■ **WHAT YOU HAVE TO DO**
Take the records below and set down exactly the lines from the one with "Solid Gradient Rose Gold Iphone Wallpaper" to the one with "Rare Rosewood Sideboard", ends included; do not copy the pictures.
(THE RECORDS)
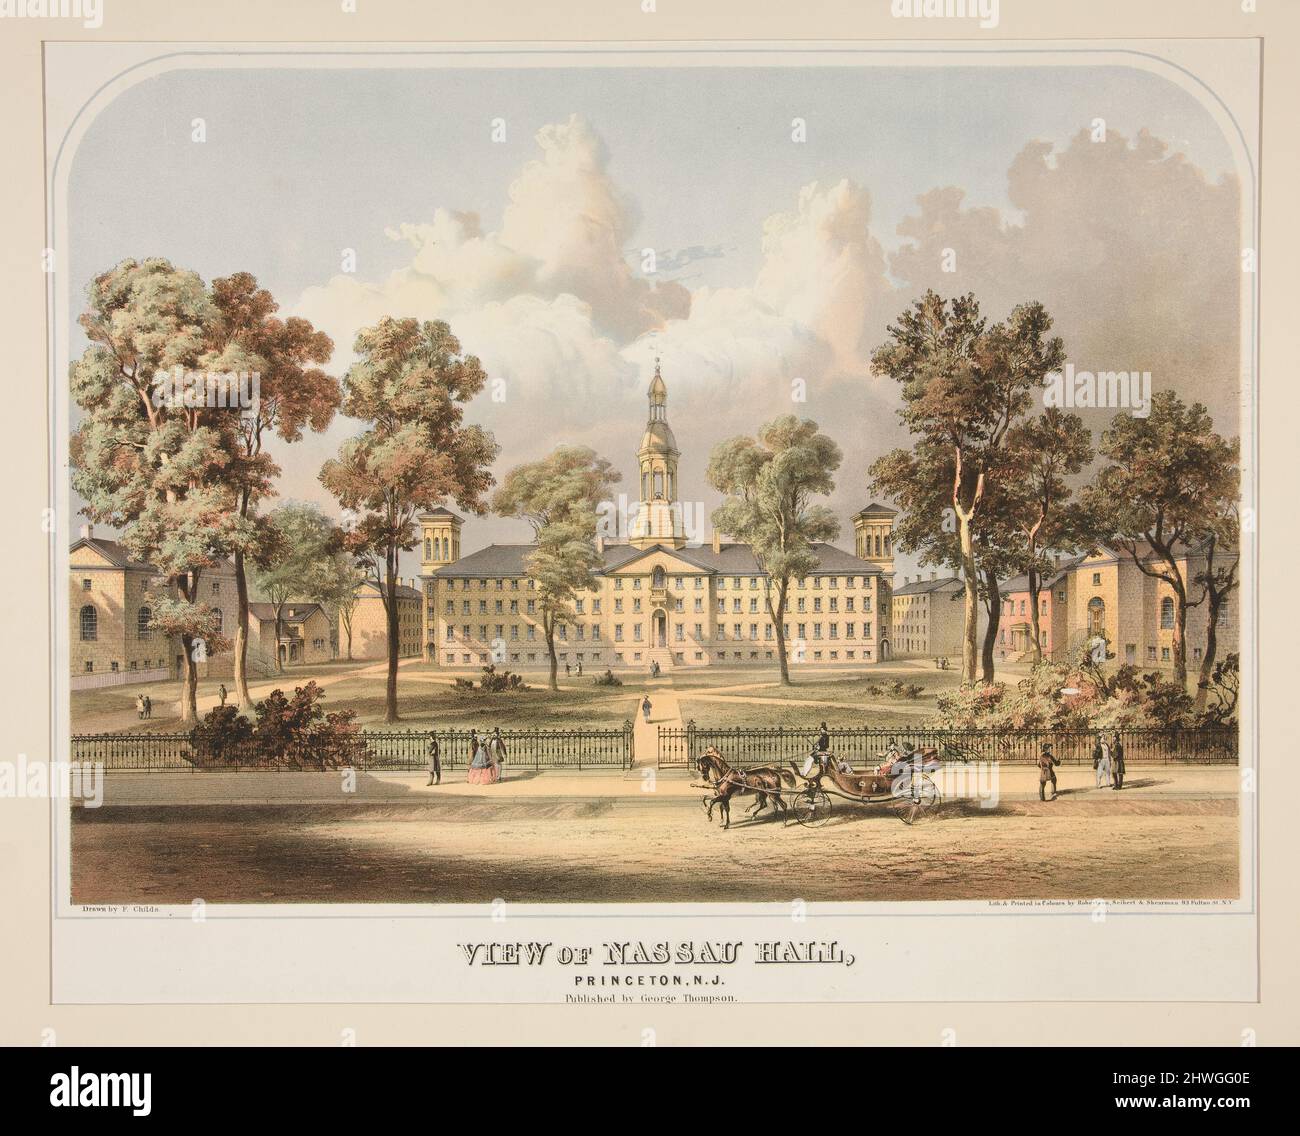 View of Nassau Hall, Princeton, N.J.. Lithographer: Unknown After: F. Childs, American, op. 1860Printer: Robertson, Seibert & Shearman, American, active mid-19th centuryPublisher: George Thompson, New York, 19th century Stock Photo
(End THE RECORDS)
(THE RECORDS)
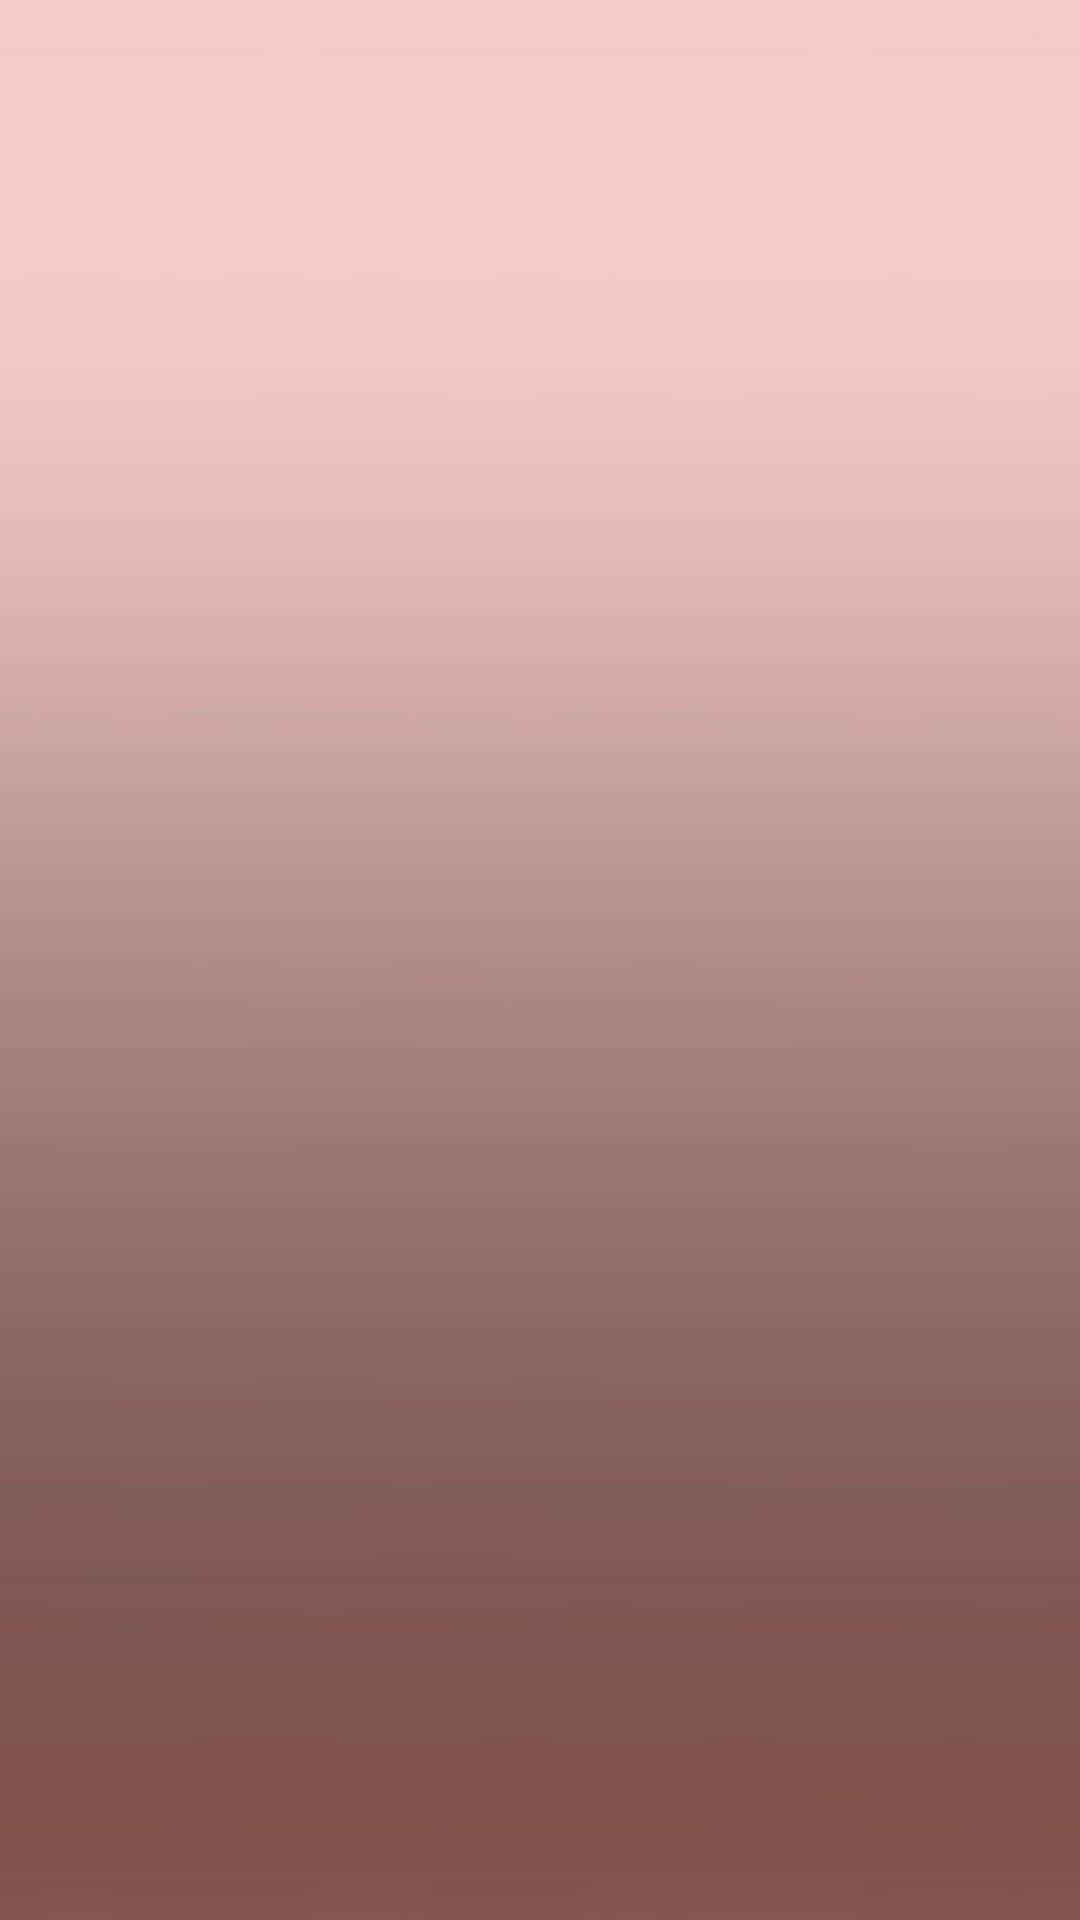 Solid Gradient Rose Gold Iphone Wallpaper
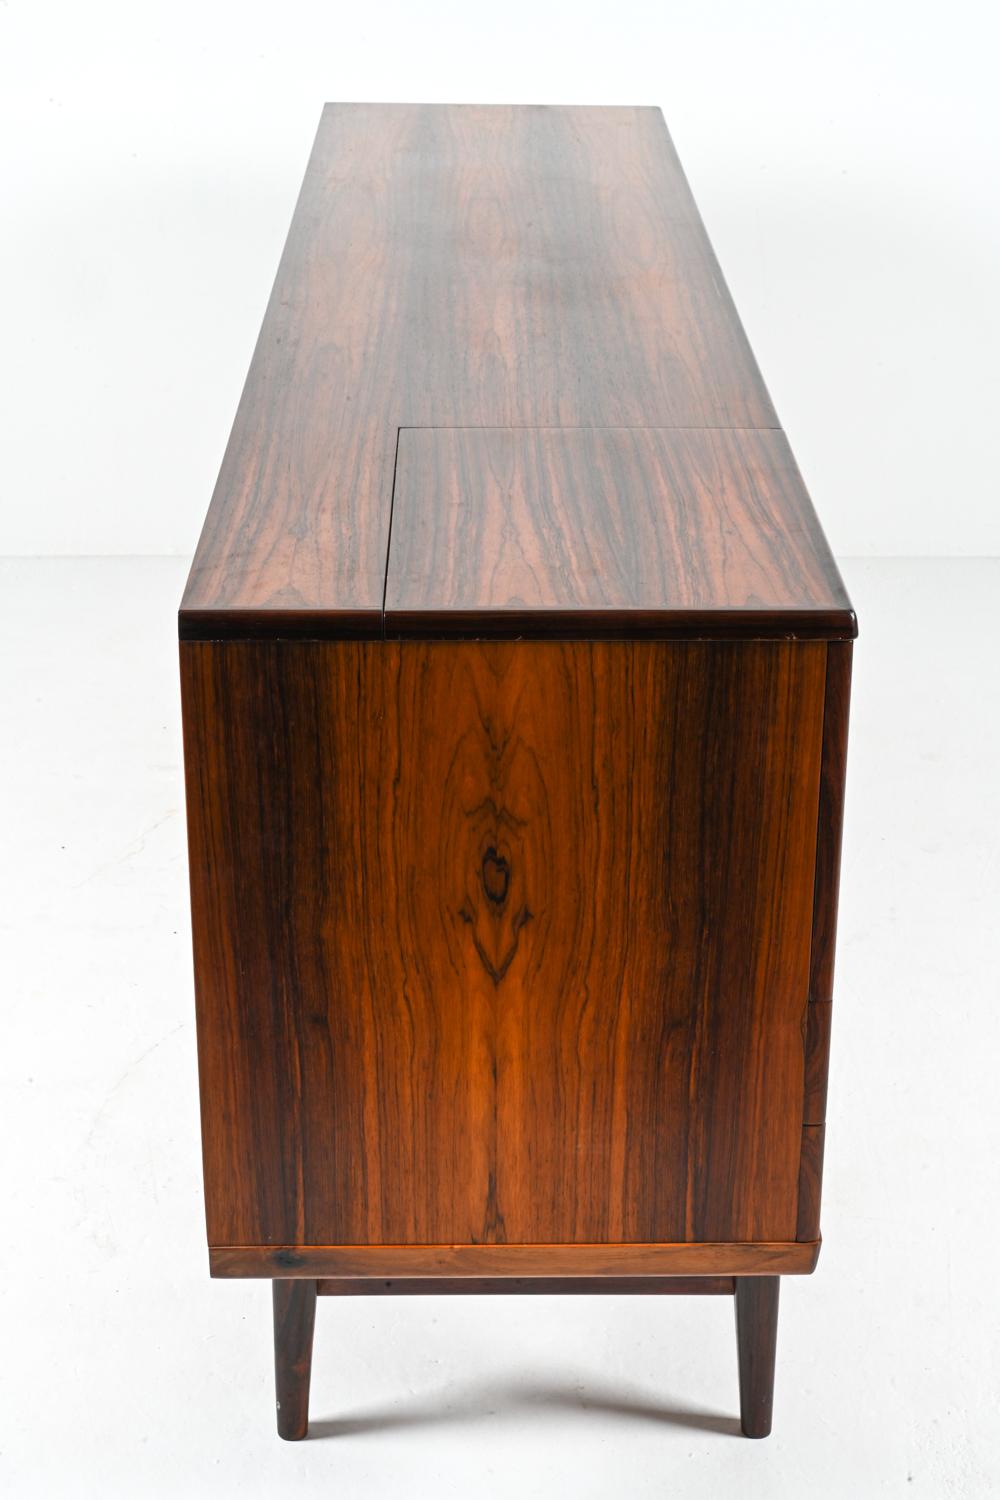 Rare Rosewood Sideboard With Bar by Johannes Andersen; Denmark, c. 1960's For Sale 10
(End THE RECORDS)
■ **RESPONSE**
 Solid Gradient Rose Gold Iphone Wallpaper
 Rare Rosewood Sideboard With Bar by Johannes Andersen; Denmark, c. 1960's For Sale 10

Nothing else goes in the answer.